I am being forced by my superiors to do other coworkers’ jobs and am told that I am not allowed to question it. Directly being told that I have to do others’ work if they do not want to…is that normal or abusive?
It all started with a policy change from a higher supervisor that has a habit of not telling others when a change is made. The good employees of the company make sure others know of any changes when they witness him making them. I am thankful to these people, otherwise myself and others would not know what is going on.
Recently, a change was made for each clerk in each of the separate offices to discontinue sending their local accounts’ paperwork out to my office. The decision was made by the higher supervisor after he was told (and he listened this time) about how each office is actually able to do their own paperwork and the current way of doing things is wasting time, money, and effort.

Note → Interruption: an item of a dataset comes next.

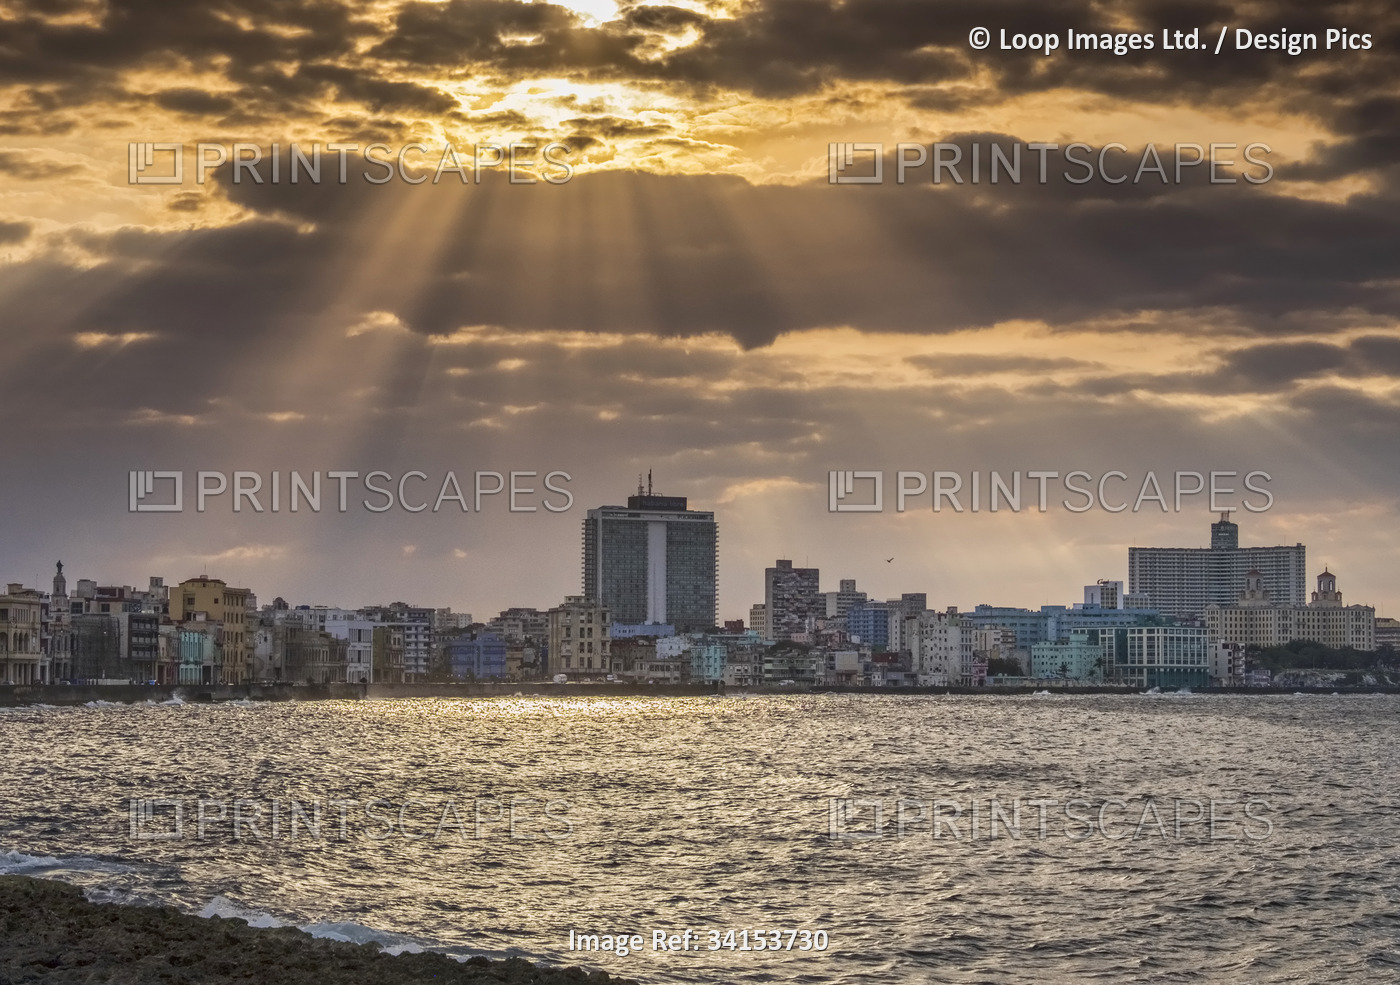 Sunburst and crepuscular rays over The Malecon in Havana.

I was thrilled at this news! Finally, offices will take responsibility for their own paperwork! Yippie!!!
Weeks pass and I am still receiving the work from other offices. After contacting the offending office I get a call from the higher supervisor. This supervisor will not speak with me but requests to speak with my direct supervisor. I hear part of the conversation and my immediate supervisor is “throwing me under the bus,” telling the higher supervisor that we’ve always taken care of everyone’s paperwork and we can continue doing so. My supervisor made it seem like he did not believe it when I told him weeks ago about the policy change that this higher supervisor made.
After the phone call, I am called into the office and told this:
Per the higher supervisor, it is fine that the few offices that are doing their own work do so if they choose to. However, for the offices that are sending work to me, I am not allowed to question it and if they send it to me that I “have to do the work if they do not want to.” I was also told that the higher supervisor does not remember ever instating the new policy and that I shouldn’t be questioning anyone if they give me work, even if it is not my work to do because it is not my place to question things.
I feel very defeated right now. This is not the first time I have been “thrown under the bus,” talked down to, or basically accused up creating my own polices. I am constantly trying to make the office run more smoothly and save the company money where I can and I am always “slapped in the face” for it.
My immediate manager does not stand up for me and allows anyone and everyone to give me their own work, even though he knows it should be theirs to do. I question why I’m given more and more work when others have nothing to do and I’m told that “it is now my job to do XYZ.” I feel used and abused. I have a hard time distinguishing what is normal since I’ve been here so long.
Is this like it is in every workplace?
Is this normal behavior for supervisors in an office setting?
Am I really being abused like I feel or am I just too sensitive?
Please, let me know of your experiences. I’m at my wits end.